Why water-seal my concrete surfaces?
Water sealing will help keep stone cleaner for longer and help to protect from water damage, therefore, prolonging the life of the material.
Sealers should be used after the stone cleaning process to close up the pores of the concrete or stone, in order to prevent the penetration of water and oil which act together to stain the stone again. When restoring stone, it is always important to identify the cause of the stain, and prevent the stain from reoccurring at the source. After restoration, and curtailing the source of staining (if possible), it is important to protect the surface in order to help prevent future restoration.
Reasons for Watersealing Concrete & Stone Surfaces
- To prevent the need for frequent pressure washing – Sealed stone stays cleaner for longer, and resists staining and discoloration.
- To guard adjacent materials against mineral leaching – Excess minerals leach from precast onto architectural glass, metal, and other materials where mineral stains are formed relatively quickly. Sealing your precast keeps adjacent windows looking cleaner for longer.
- To prevent oil, water, and stain penetration – Many types of soils can adhere to stone surfaces: vehicle exhaust, tree sap, fluid from leaking vehicles, and many other environmental contaminants.
- To prevent mold and mildew – Sealing stone material prevents the penetration of water. Without water, green and black algae stains are unable to develop as they normally would.
- To avoid water damage – If water is allowed to penetrate your precast, it starts to erode the bond that holds the stone together.
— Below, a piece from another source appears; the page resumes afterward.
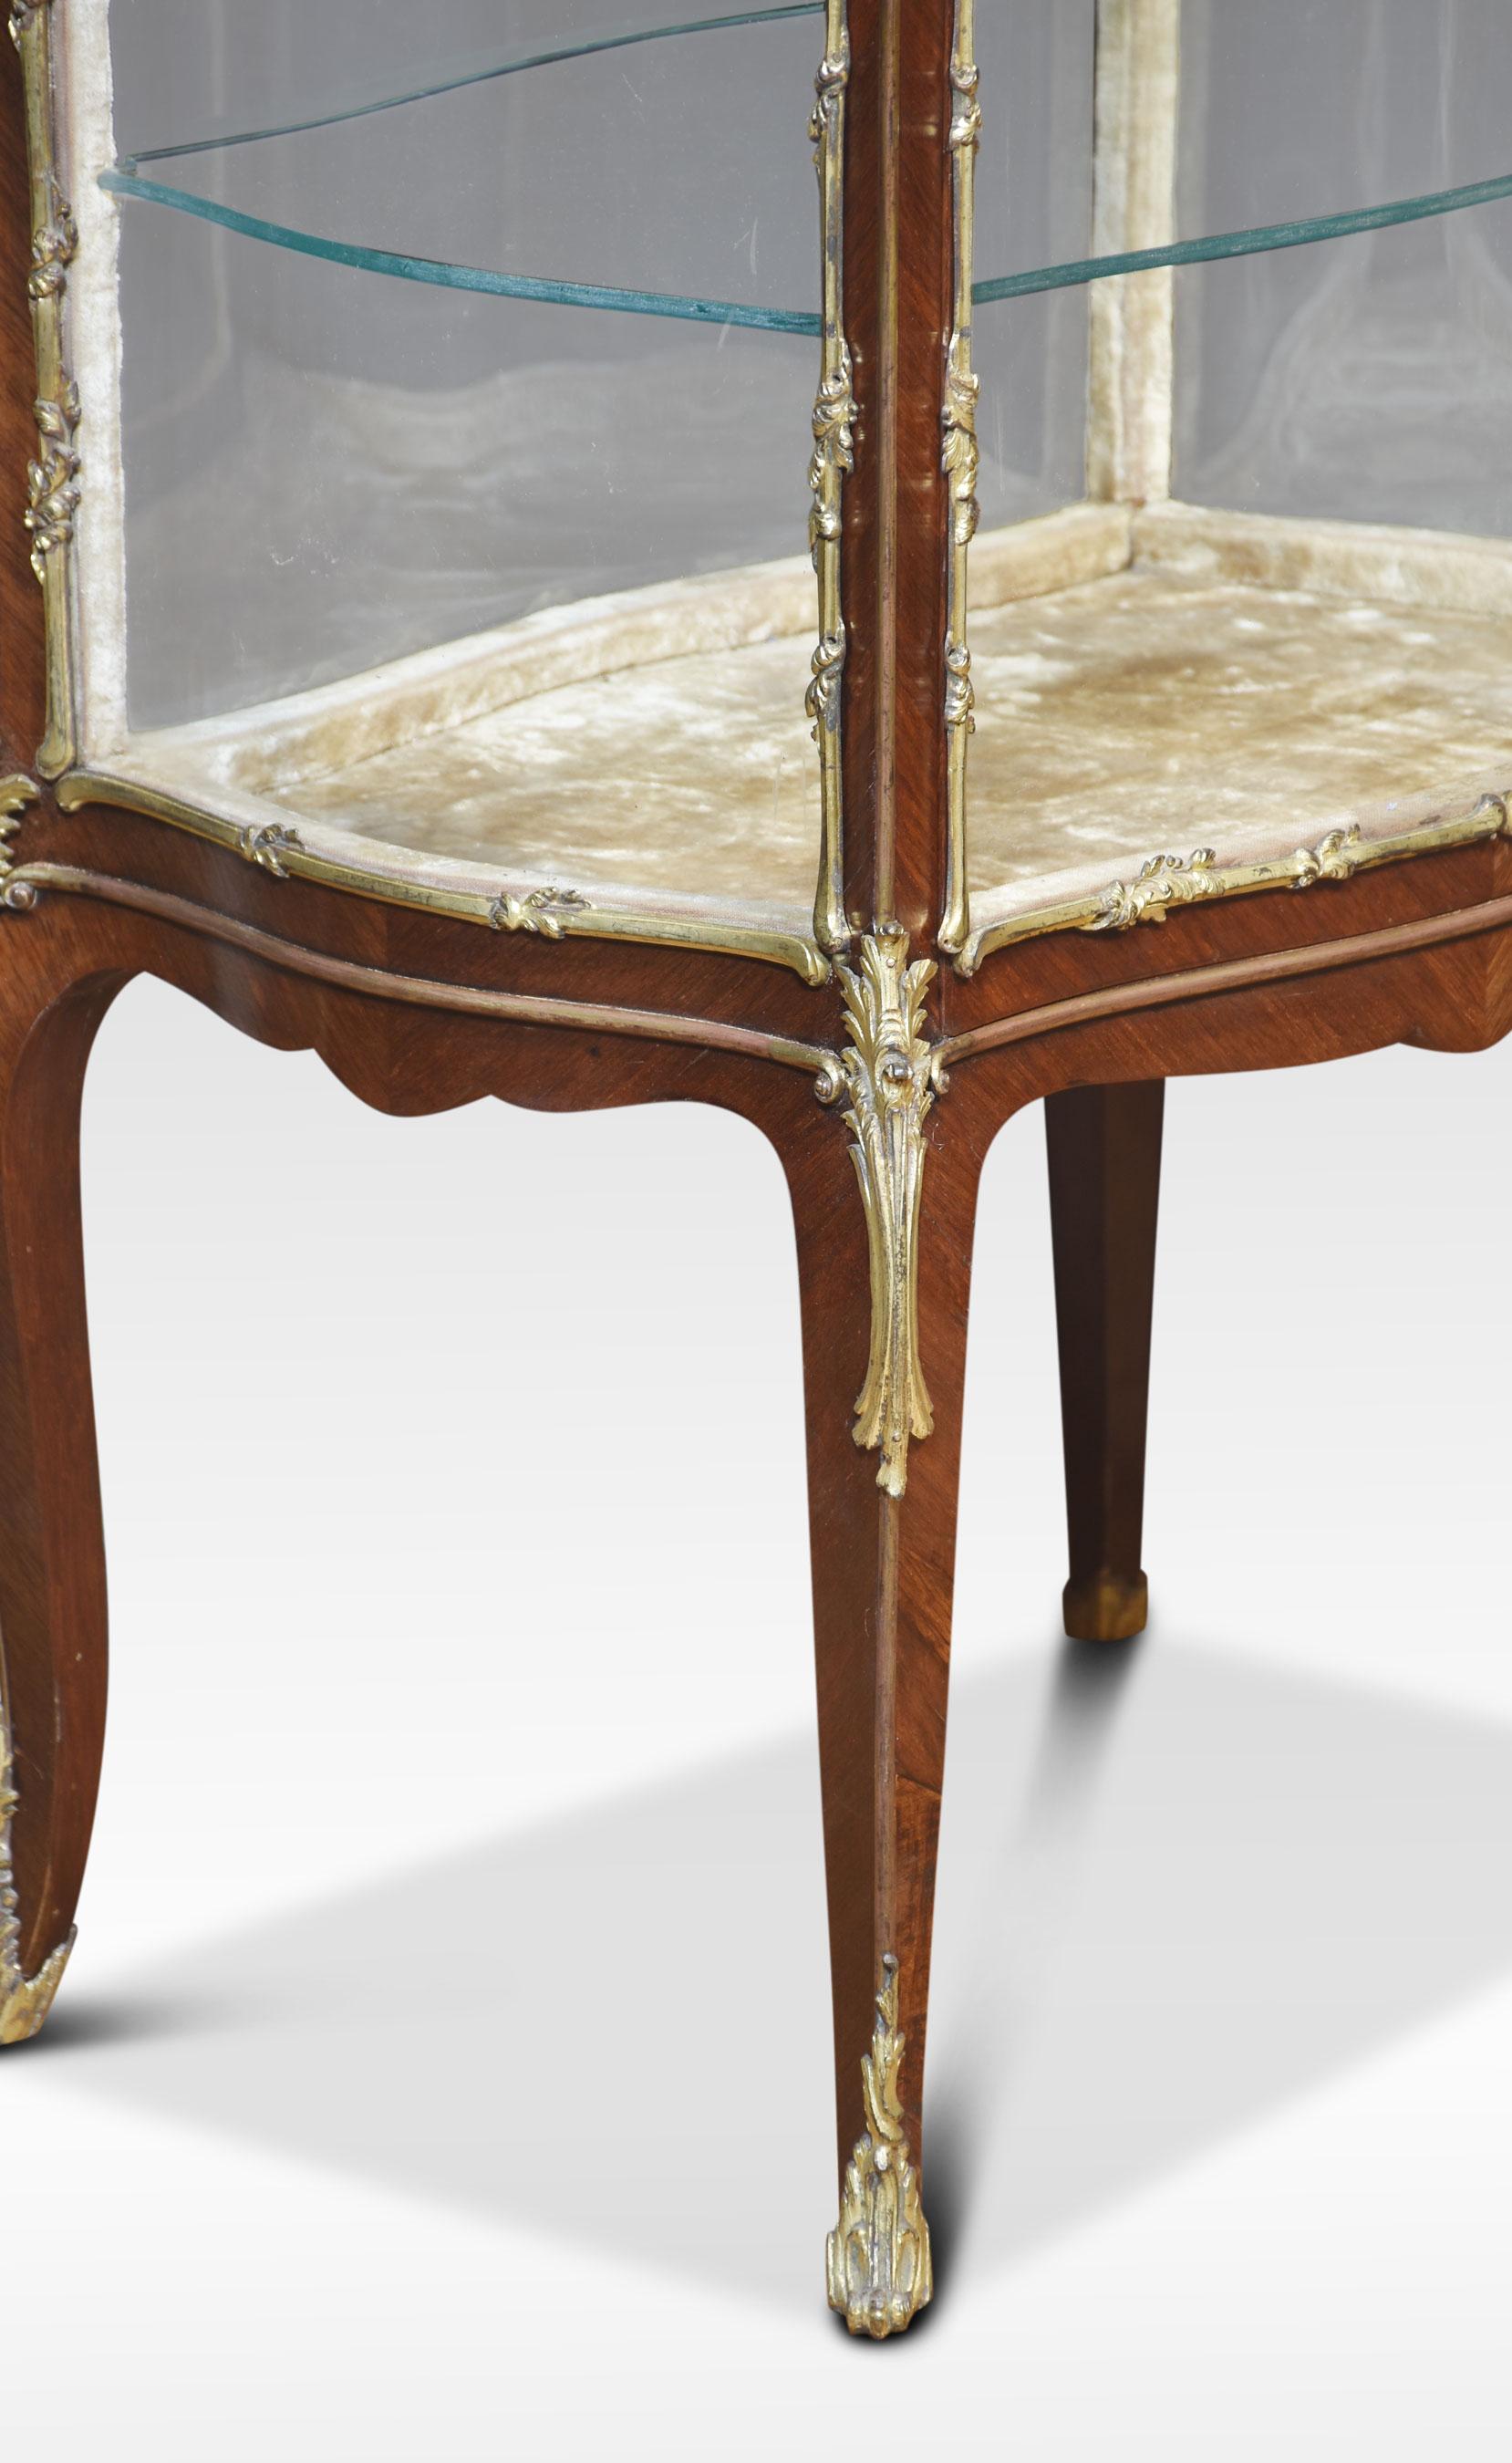 Meuble de bijouterie en noyer de style Louis XVI, de forme serpentine ornée de montures en métal doré. Le plateau en verre biseauté et les côtés vitrés façonnés mènent à la grande ouverture à une porte qui révèle deux étagères en verre. Le tout

This is especially damaging during winter months as water freezes and expands, compromising the strength and bond of the manufactured stone composition. This causes cracks, and even separation of material components, and is extremely expensive to repair. In situations with precast panels, water damage normally only occurs at the surface level, therefore requiring a product designed for superior surface protection.
- To protect your steel components – If water is allowed to penetrate your concrete, and is exposed to steel components that hold your building together, they will start to rust. This can cause structural damage and material staining.